Thoughts on books, family, and life in one impressive package.

The Becoming by Nora Roberts

I make it no secret that I love Nora Roberts’ books. I particularly love her fantasy novels. Perhaps it is because she is amazing at world-building. Maybe it is because her fantasy worlds tend to have an Irish basis. It could be the fantasy elements are everything I love about fantasy. The truth probably lies with all three ideas. What I do know for certain is that while I might forget the plot details of her suspense and romance novels, I never forget the details of her fantasy series, of which The Becoming is the second book in her Dragon Heart trilogy.

What makes this particular series, especially The Becoming, so good is not necessarily the magic or even the fantasy realm full of faeries, mermaids, and dragons. The story shines because of the relationships among the characters. Ms. Roberts always excels at creating bonds of friendship that are better than any familial ones. This time, I believe she outdoes herself in Marco and Breen’s friendship. Their dynamic is everything you could ever want in a best friend. The selflessness, the lack of complexity, the unconditional love each has towards the other – we should be so lucky to find ourselves in one relationship even half as pure as the one between Marco and Breen.

On top of that, we have Breen’s relationship with her grandmother and new friends. Found family in every sense, there is something inspirational and hopeful about each of her new relationships. It is as if the idea of friendship does not have to be complex or fraught with hidden jealousies. It is a lesson I wish more of us would learn, as I think social media makes us forget just what it means to be a friend sometimes.

As if the charm of Marco and Breen, the lushness of Talamh, dragons, mermaids, and magicks aren’t enough, we also get the growing relationship between Keegan and Breen in this second novel. While we all know how this part of the story will end, I love how Ms.
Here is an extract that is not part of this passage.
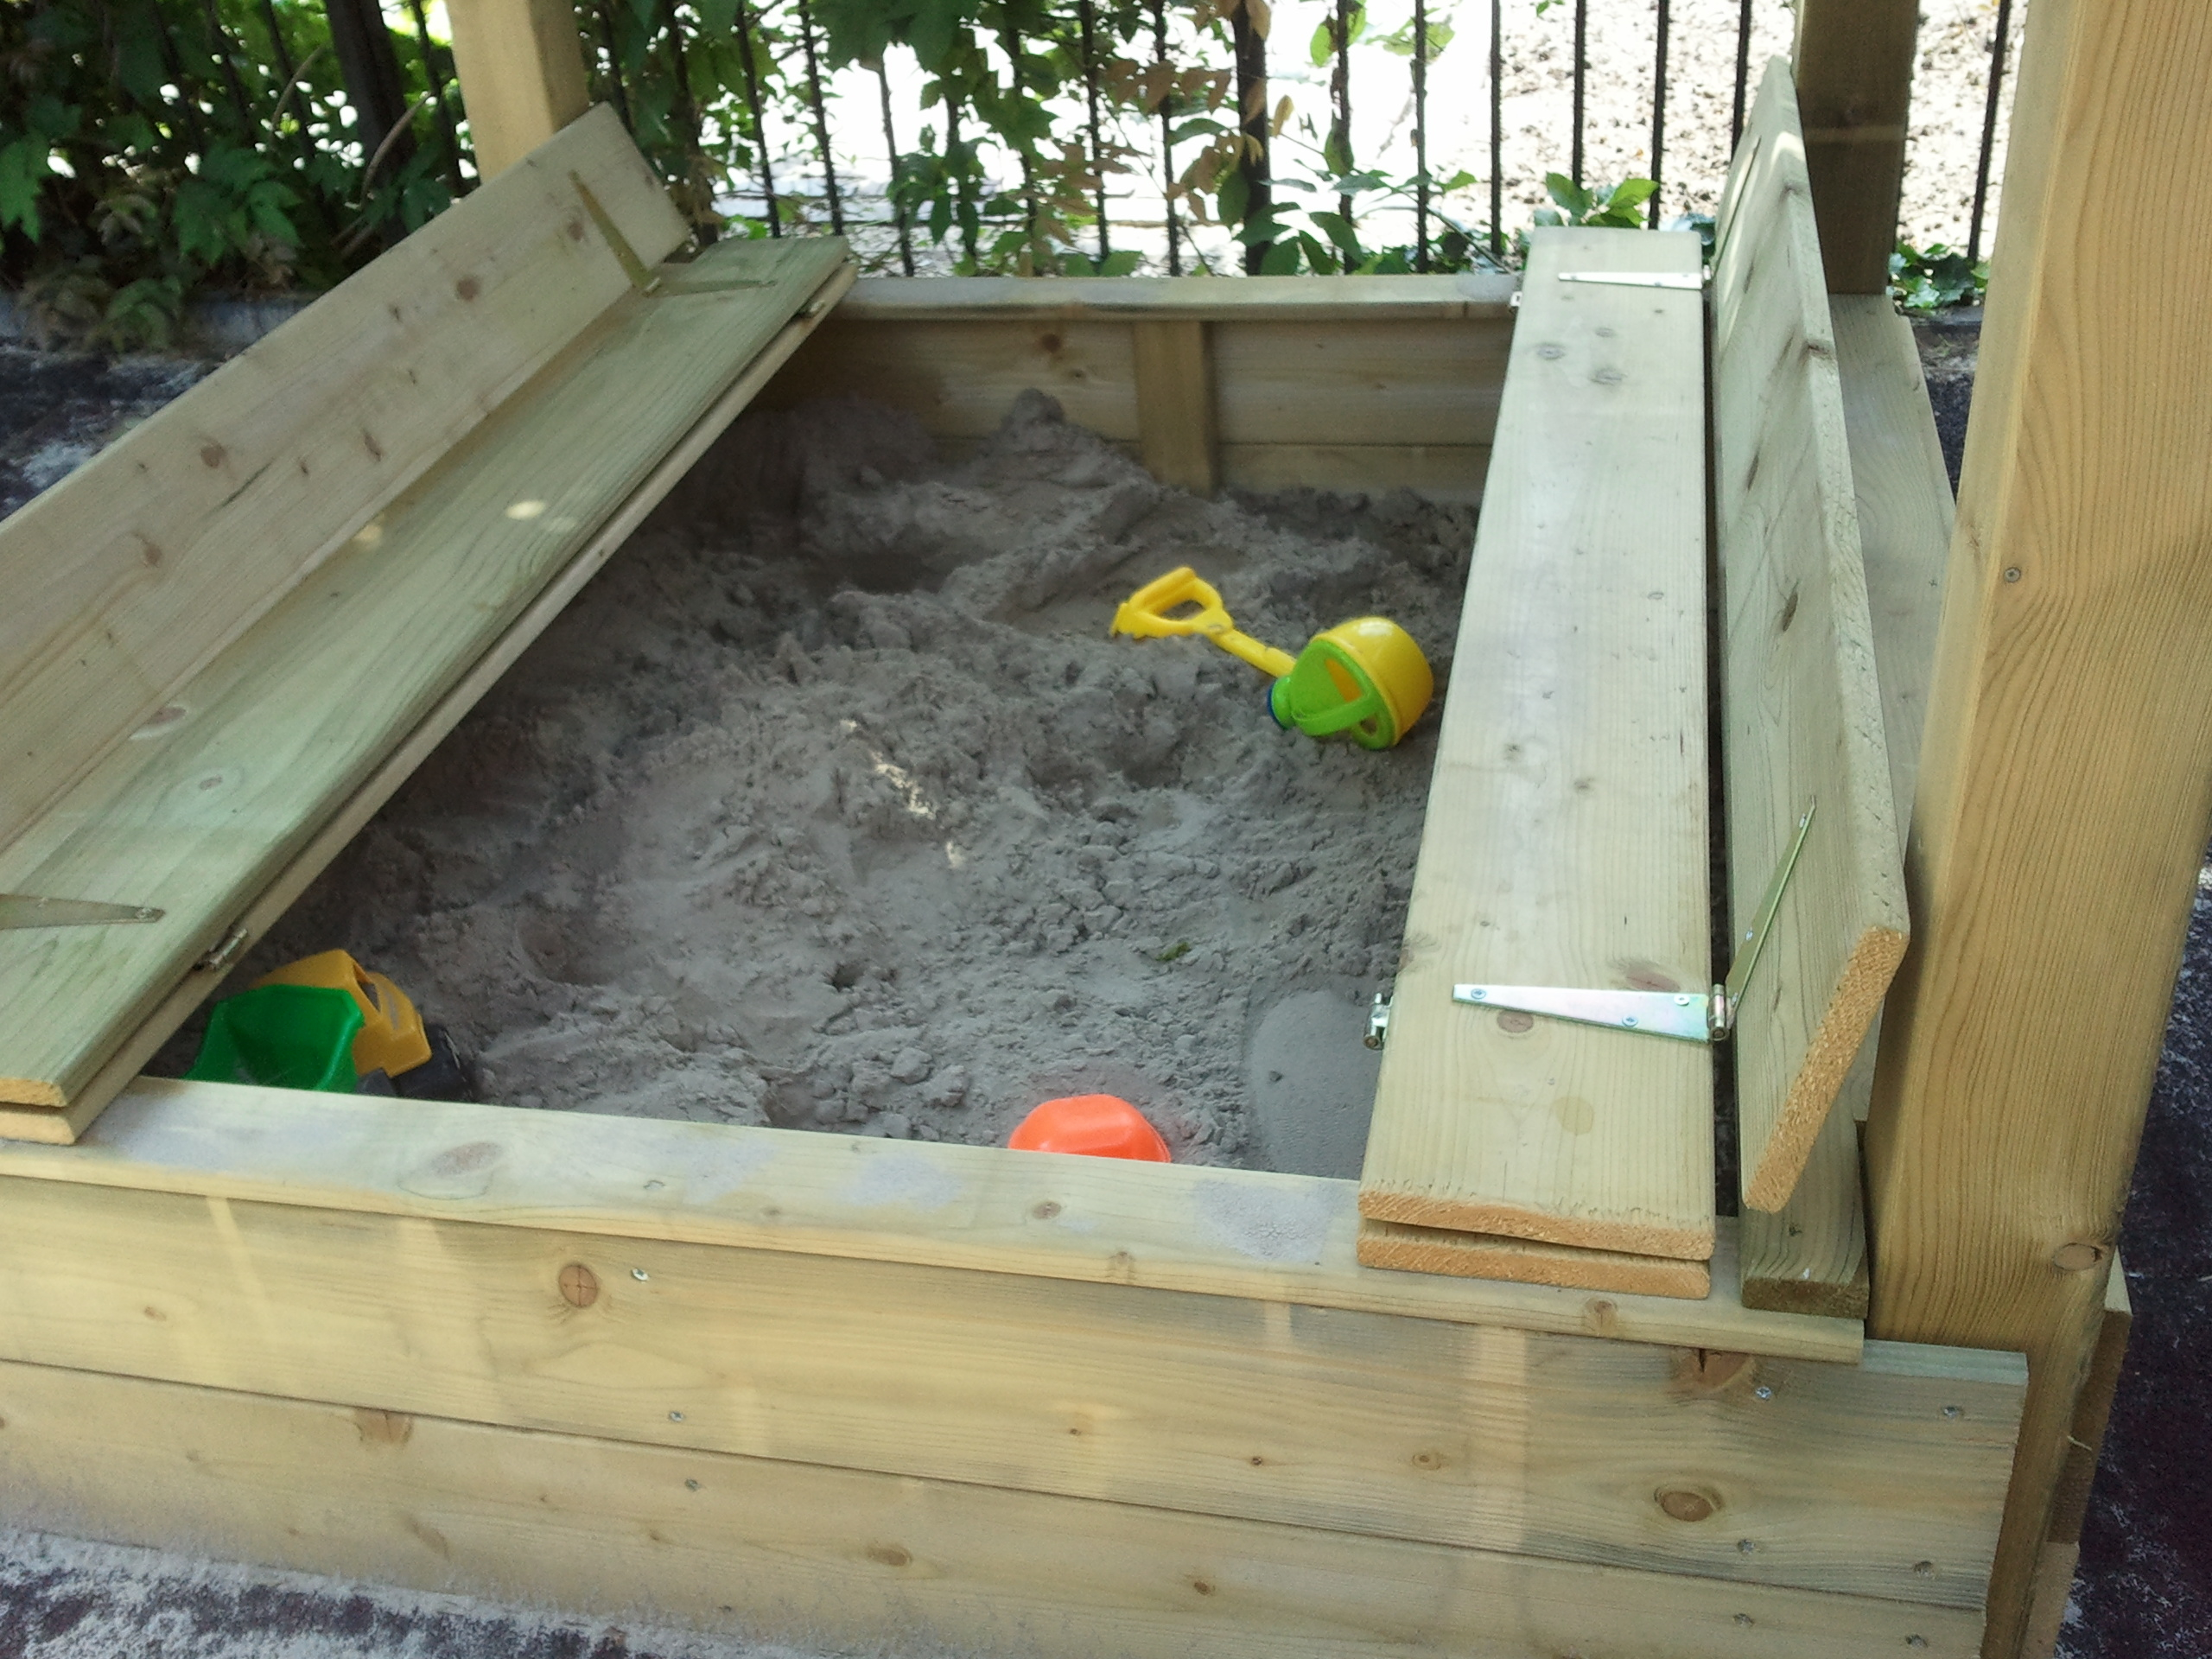 Speeltoren zandbak met opklap bankje
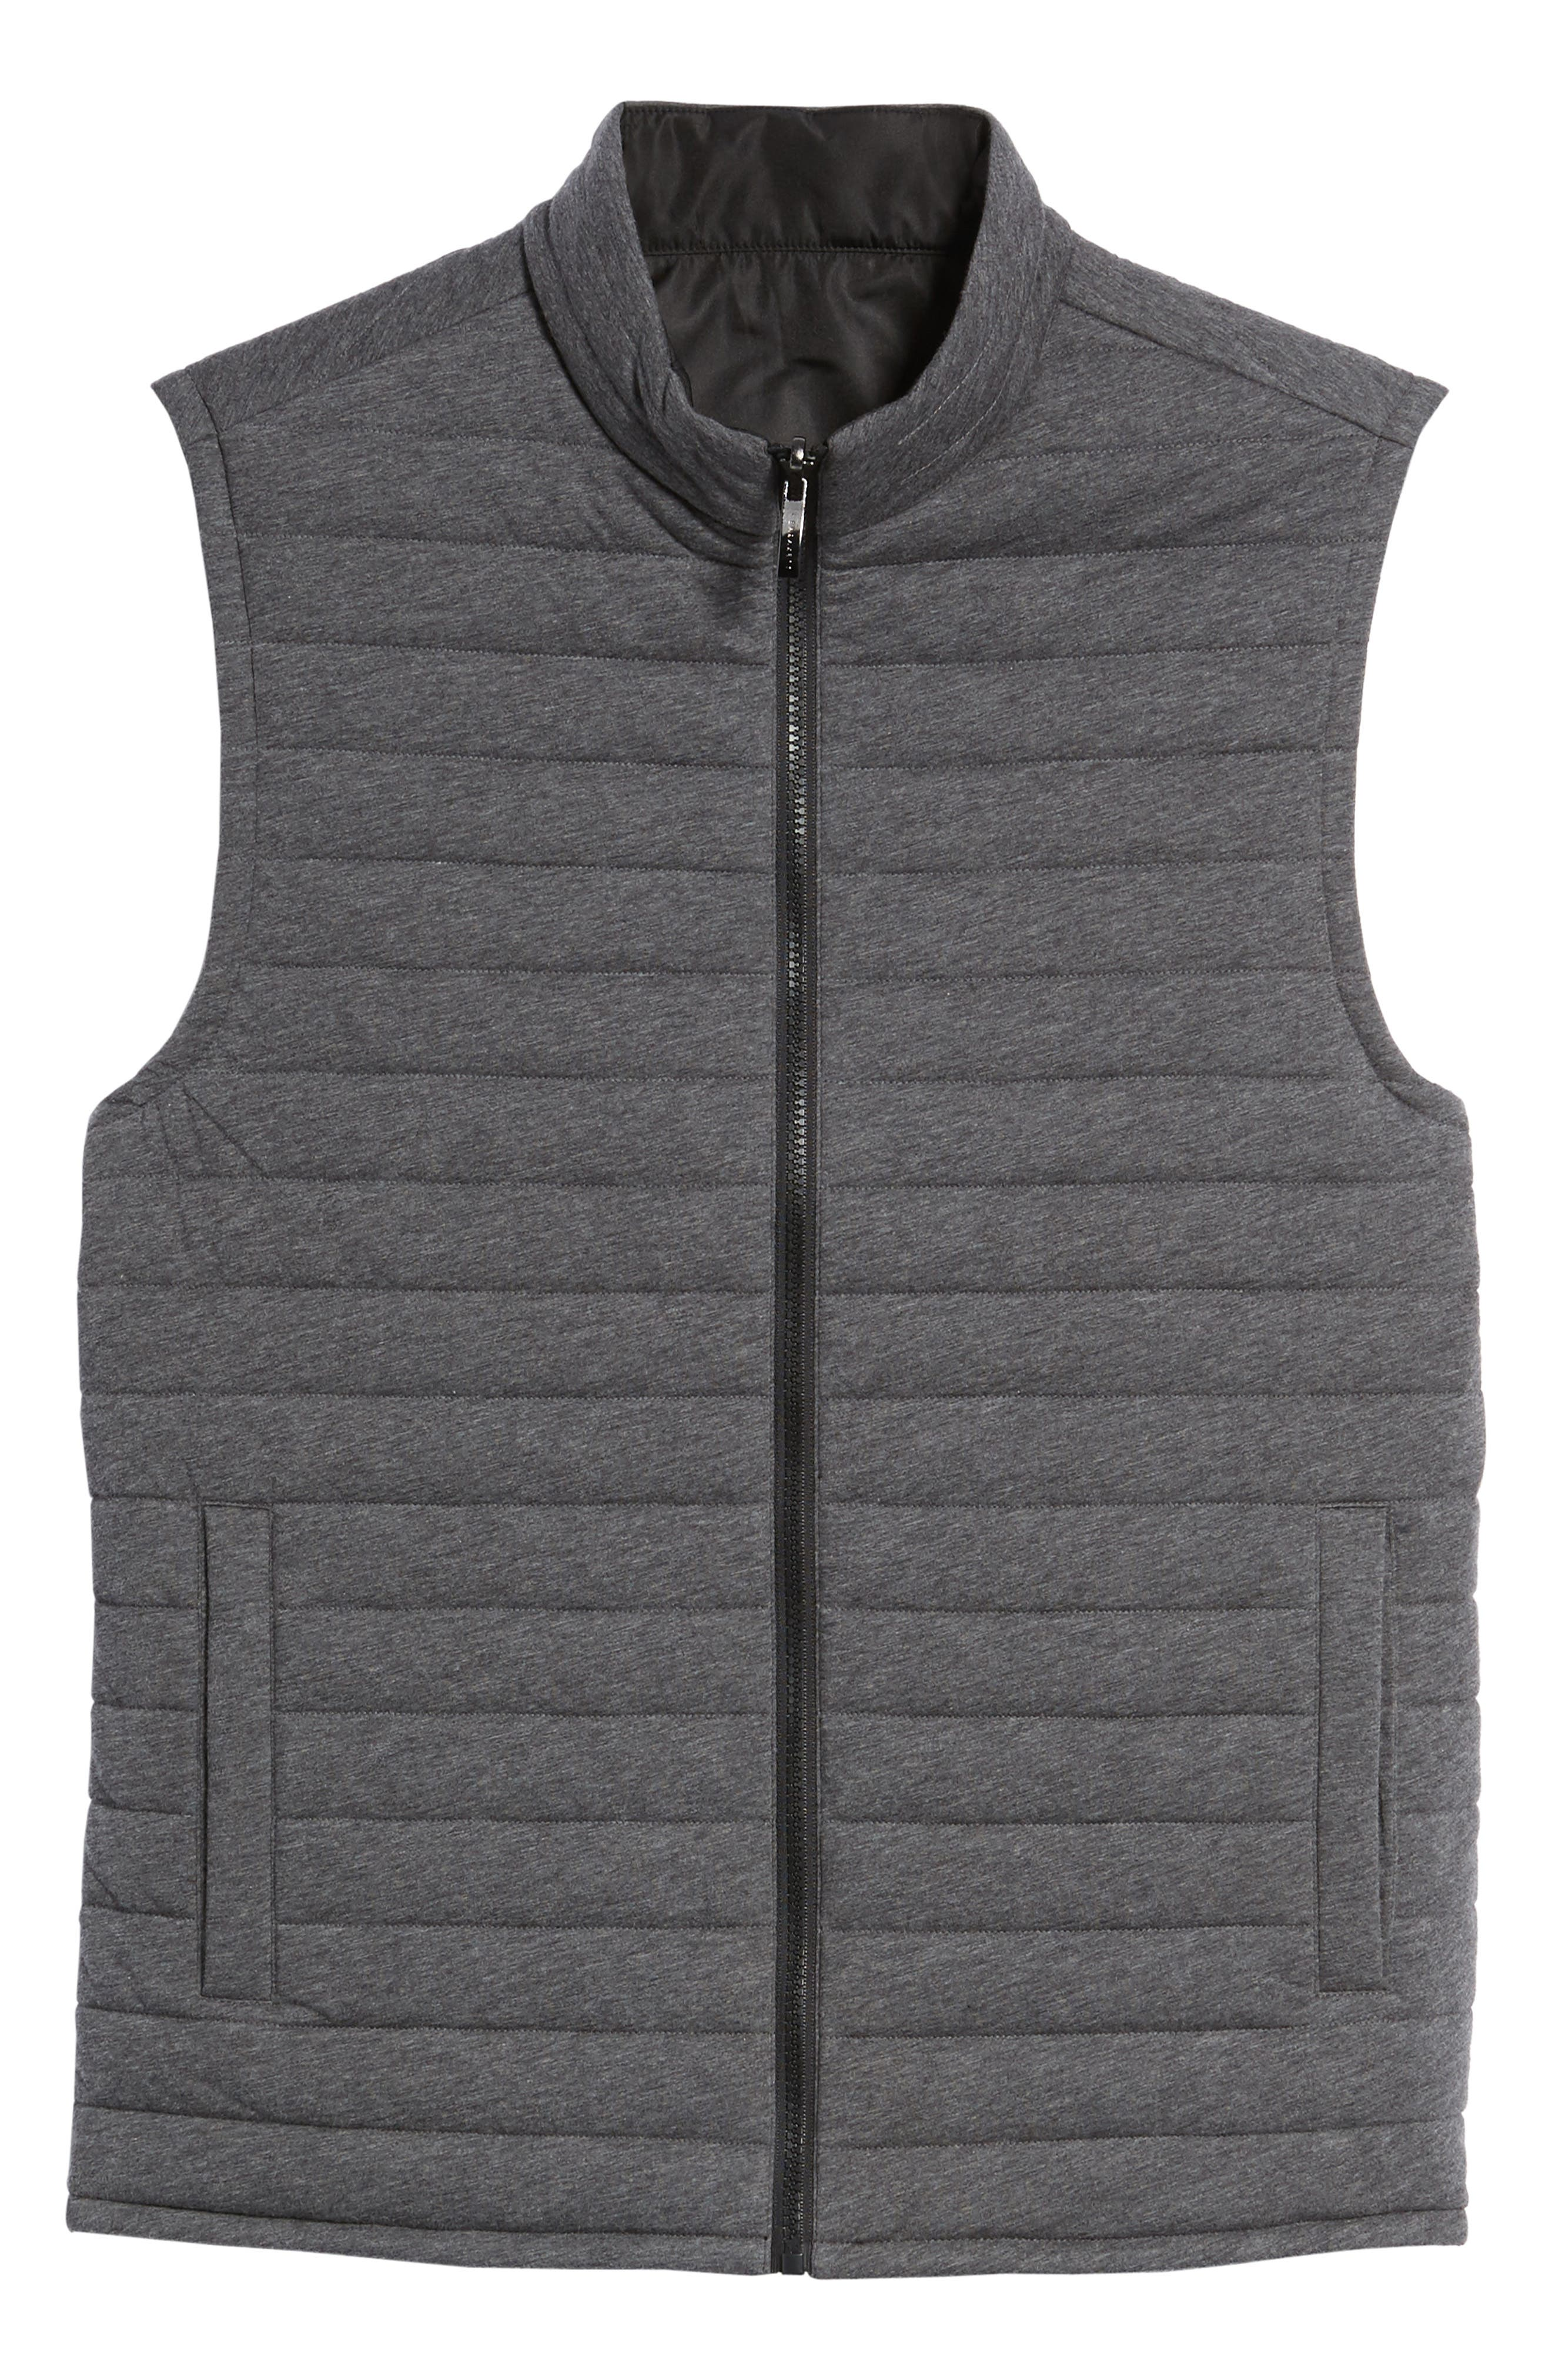 Gallagher Reversible Vest,                             Alternate thumbnail 5, color,                             Charcoal

Roberts doesn’t rush their relationship. With the leadership demands of one and others’ expectations of the other, the fact that they are taking their time and not rushing to define anything tells us more about each of their characters than anything Ms. Roberts could otherwise write. The scenes in which they cave to their mutual attractions are HOT, but I relish those scenes outside of the bedroom when they are just people with the weight of the world on their shoulders trying to do right by their people.

Honestly, Ms. Roberts could publish a grocery list, and I would buy it. I love her writing style that much. Yet, when I read stories like The Becoming, I feel justification for feeling the way I do about her books. In particular, The Becoming got me out of a depressive episode and reminded me that while we might not have dragons or faeries, there still is magic in the world if you look for it. And this is only the second book of the series!